**GIVEN MATERIAL**

--- --- ---

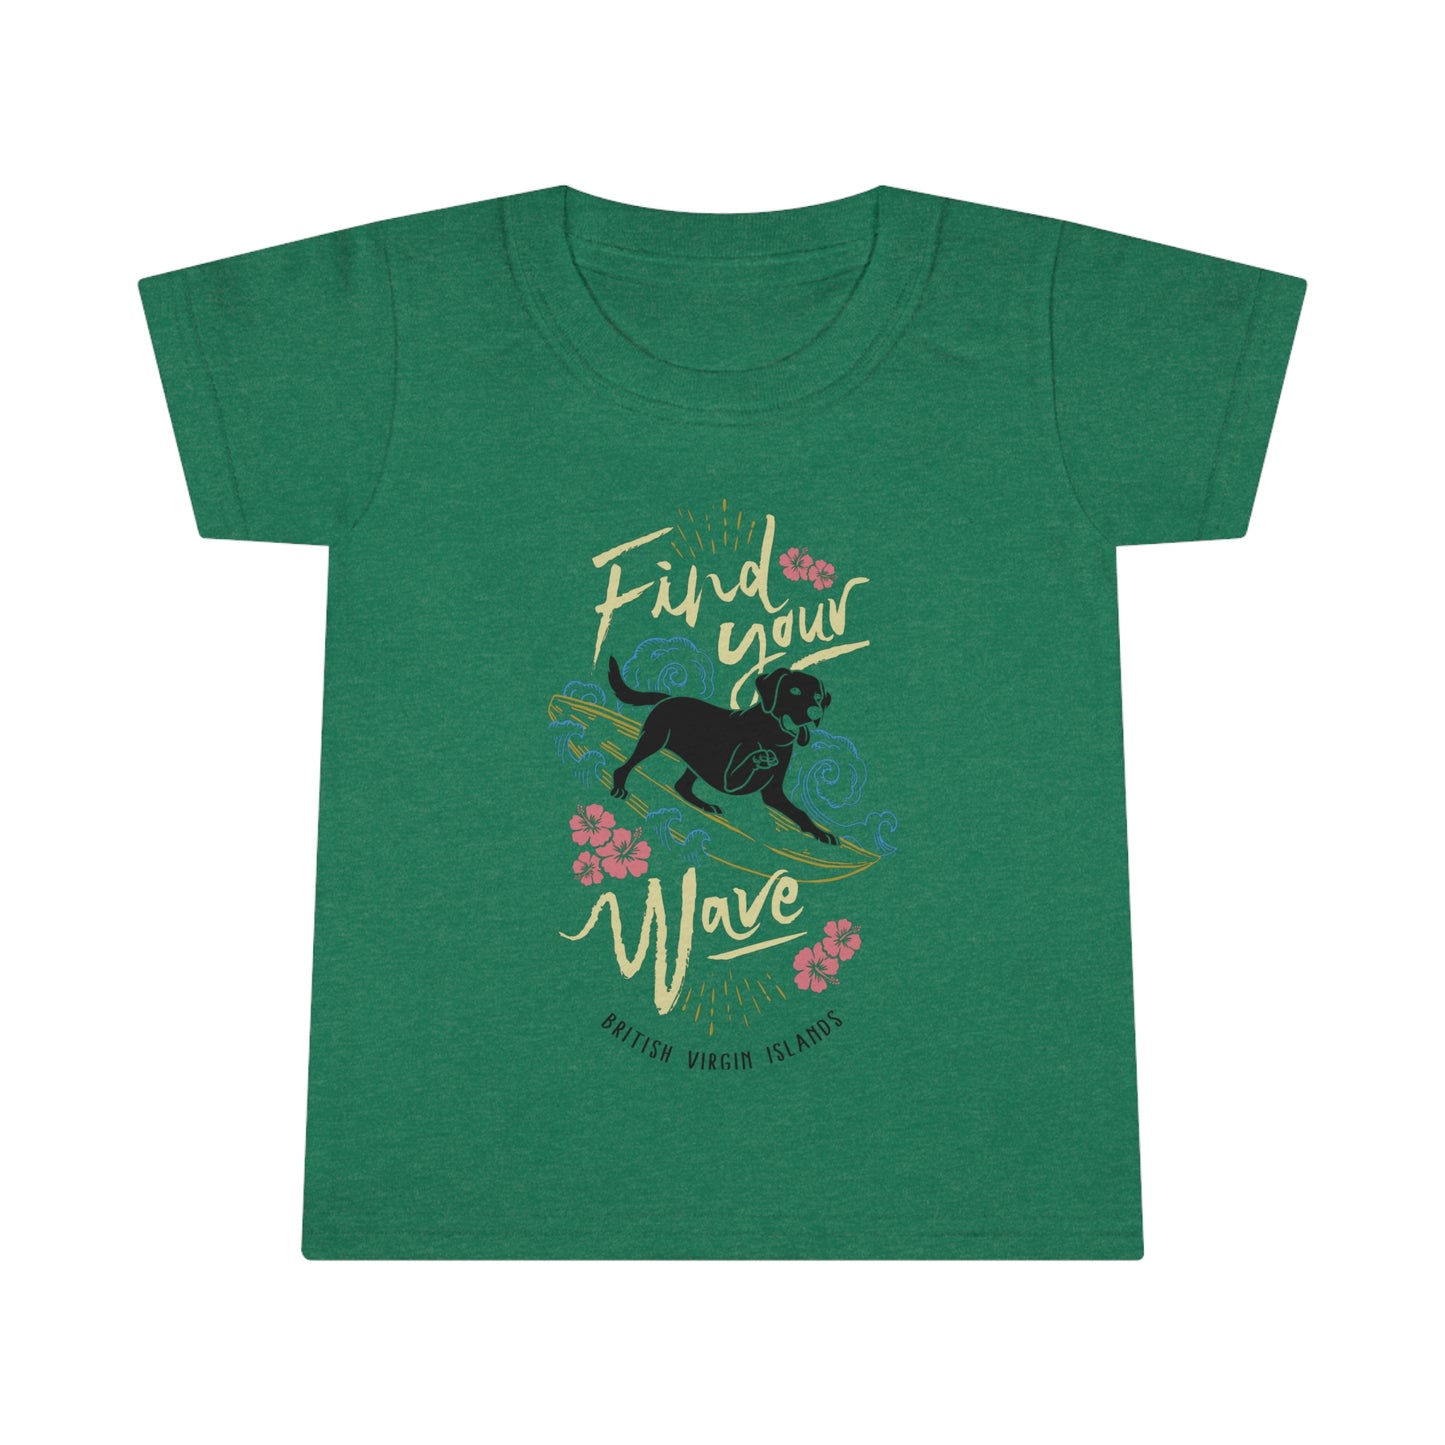 "Find Your Wave" Toddler T-shirt
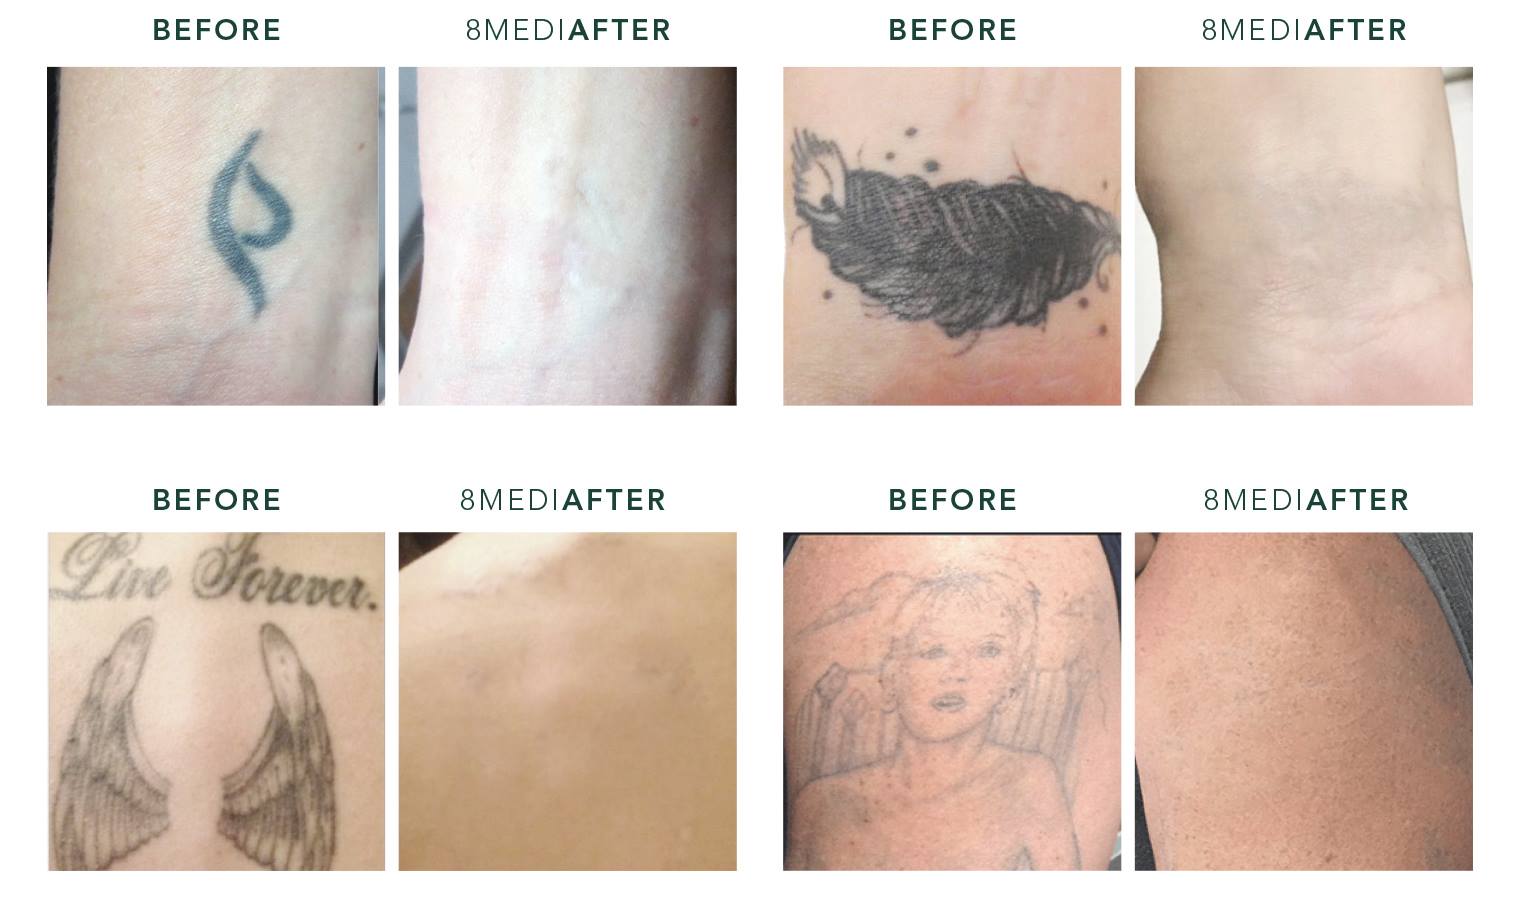 3. Hydrogen Peroxide Tattoo Removal: Does It Really Work? - wide 4
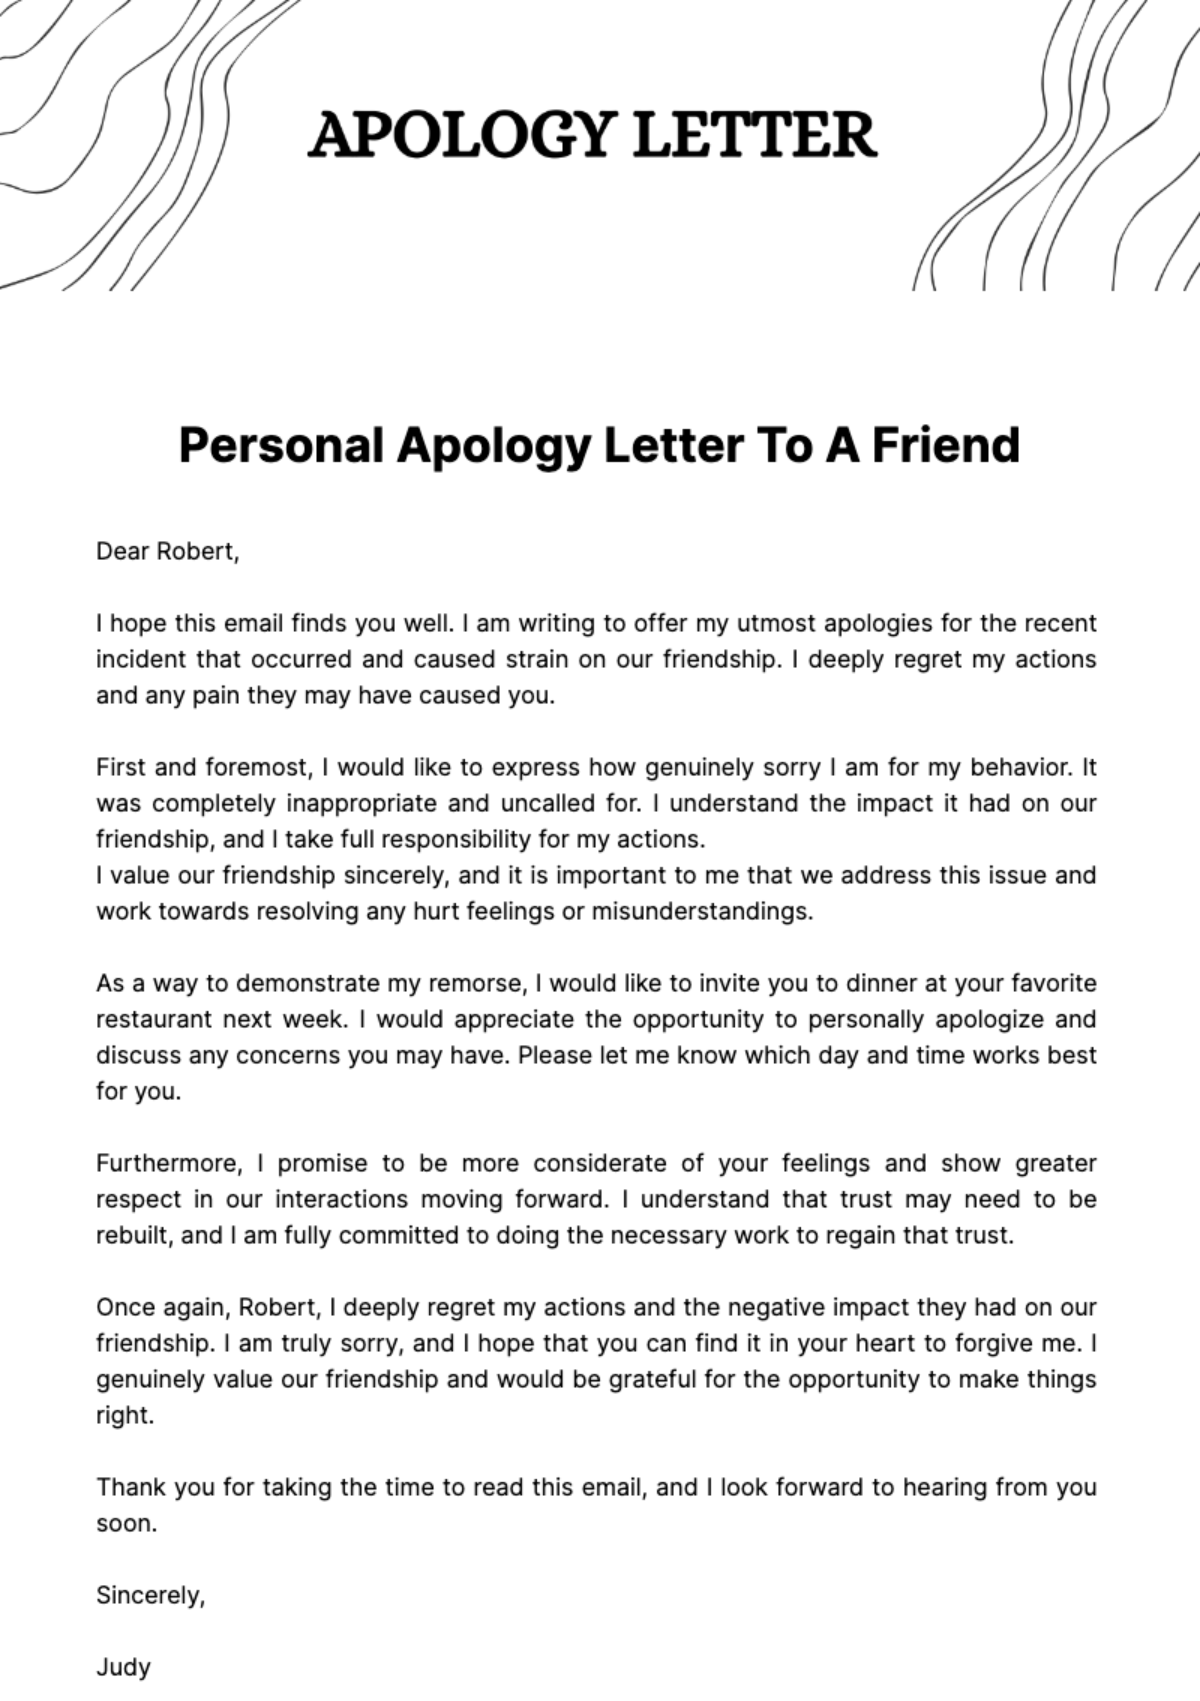 Personal Apology Letter to a Friend  Template

--- --- ---

**WORK REQUIRED**
Copy out the listing above in full and keep the pictures out.

**RESPONSE**
 "Find Your Wave" Toddler T-shirt
 3. Hydrogen Peroxide Tattoo Removal: Does It Really Work? - wide 4
 Personal Apology Letter to a Friend  Template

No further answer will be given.